As Singh’s popularity snowballed on YouTube, she attended dozens of public events and VidCon expos, which allowed her to keep expanding her fan base and rake in cash from appearance fees and merchandise sales. “People asked me to host dance competitions, then they asked me to promote their events. Eventually, it was like, ‘Hey, can you wear our T-shirt?’ ” she says. When Singh registered her business, her accountant didn’t understand what she did. “He’s like, ‘Why are you getting money from YouTube?’ ” (She has since hired a new accountant.)

The extent of Singh’s fame sunk in on a trip to Mumbai in 2014 for YouTube FanFest, a concert-style event featuring dozens of popular YouTubers. It was her first time overseas. Once she’d checked into her hotel, she got a call from the event’s producer, explaining that the daughter of Bollywood star Shah Rukh Khan, the highest-grossing movie star in the world, was a fan, and he wanted her to visit his house. Singh thought it was a prank. “My response was literally, ‘Dude, shut up. Stop wasting my time,’ ” she says. “Then, Shah Rukh got on the phone. I was like, ‘Cancel everything.’ ”

Khan lives in an enormous home called Mannat, which looks like an antebellum plantation on the outside and Versailles on the inside. Every day, hundreds of fans line up at the gates, hoping to spot Khan, who often waves from the balcony like the queen. “When I got there, I heard shrieks and screams. I thought, Oh my god, people snuck through the gate,” Singh recalls. But it turned out to be his 12-year-old daughter screaming for her. Before Singh left Mannat, Khan gave her one of his monogrammed blazers. “I want your dad character to wear this in one of your videos,” he said.

Later that night, Singh performed for 2,000 screeching teens at YouTube FanFest. Khan made an appearance there, too. While he was revving up the crowd, Singh walked onstage behind him, and the audience lost it. “They chanted, ‘LILLY, LILLY, LILLY,’ while Shah Rukh Khan was onstage with me,” Singh says, still in disbelief. “I felt sick for the rest of the night. I was shaking. I didn’t know how to deal with it.”

Over the next year, Singh rapidly accelerated from star to superstar. She got calls to collaborate with Hollywood celebrities like Selena Gomez and the rapper Jay Sean. As she realized how diverse her followers were, she began to distance herself from the South Asian–specific humour, focusing instead on issues that affect all teens. “I don’t want to just make content for Indian people. I’m all about universal themes. We’re all humans. We all fight with our parents. We all have relationships that fail.”

In 2015, Singh decided she wanted to go on a stadium tour and meet her fans. She dreamed of a Broadway-calibre spectacle, with elaborate costume changes, video projections and bhangra dancers.

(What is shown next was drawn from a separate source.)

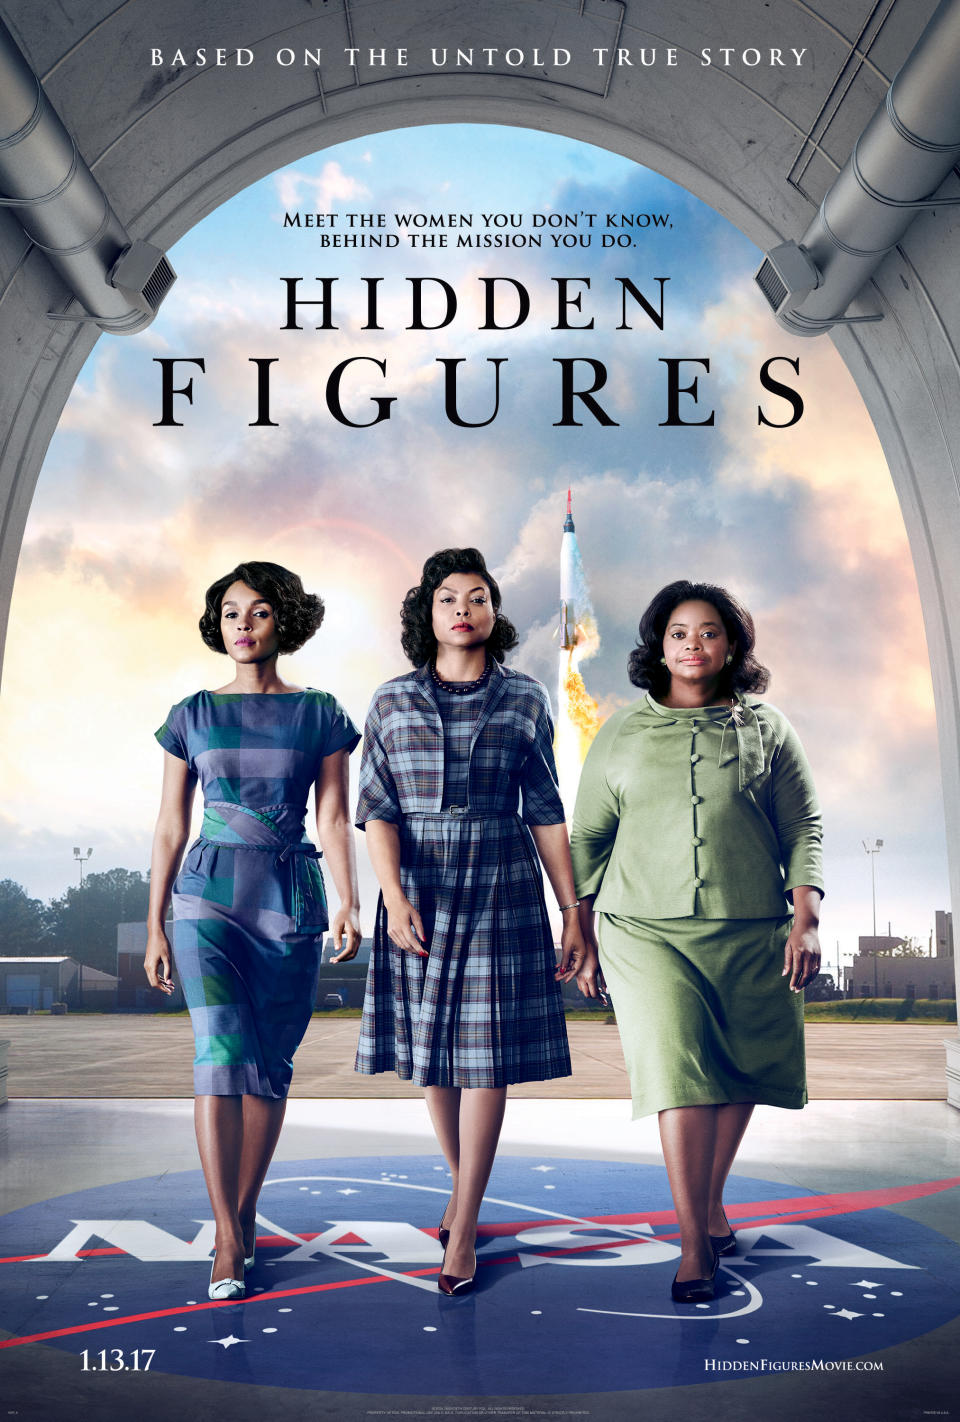 'Hidden Figures' Explores NASA and Civil Rights History

It would be a high-octane variety show, with Singh rapping, dancing and doing sketch comedy. Weichel shopped the tour to dozens of promoters, but none of them wanted to substantially invest. “Most people didn’t understand the vision. There was a disconnect between traditional entertainment and the digital audience,” Weichel explains. Then she realized that Singh could finance the tour the same way she did everything else: on YouTube. “I knew that promoters might not have significantly bought into Lilly’s thing on the stage, but they certainly were going to invest in Lilly’s thing on the screen,” she says. She and Singh conceived of a backstage documentary chronicling the creation of the tour. At the time, YouTube was debuting YouTube Red, a paid subscription service that would stream content. They bought the film and promised to spend a fortune on marketing. When Singh toured Asia, Australia and Europe later that year, she sold out most of her dates.

She has teamed up with Coca-Cola, creating promotional content on her channel. Coke flew her to the Rio Olympics last year to film sponsored videos. She has also partnered with TD, Skittles, Toyota and the cosmetics brand Smashbox, which named a deep-red lip colour “Bawse” in her honour. Last year, she joined forces with YouTube for an ad campaign that ran on buses and billboards, including a 20-footer in Times Square. Depending on the deal, Singh might appear in ads for a product, plug it in her videos, wear branded merchandise or let the company advertise at one of her events.

Until recently, Singh was still living in her childhood home in Markham. “It was really hard to make videos. I never felt like the space was my own,” she says. “I couldn’t film after 10 p.m., because my parents would go to sleep. By 2015, she was flying to L.A. for meetings and events at least twice a month. That year, Singh packed up her bedroom and rented an apartment in L.A. before purchasing her home. “When I first lived on my own, I had to ask my mom how to do laundry and pay bills. It was terrifying,” she says. She still adheres to her Monday and Thursday YouTube schedule, but she no longer wings it the day she posts—she now writes her sketches in advance and pre-tapes segments. She also employs assistants to help her produce and edit the films.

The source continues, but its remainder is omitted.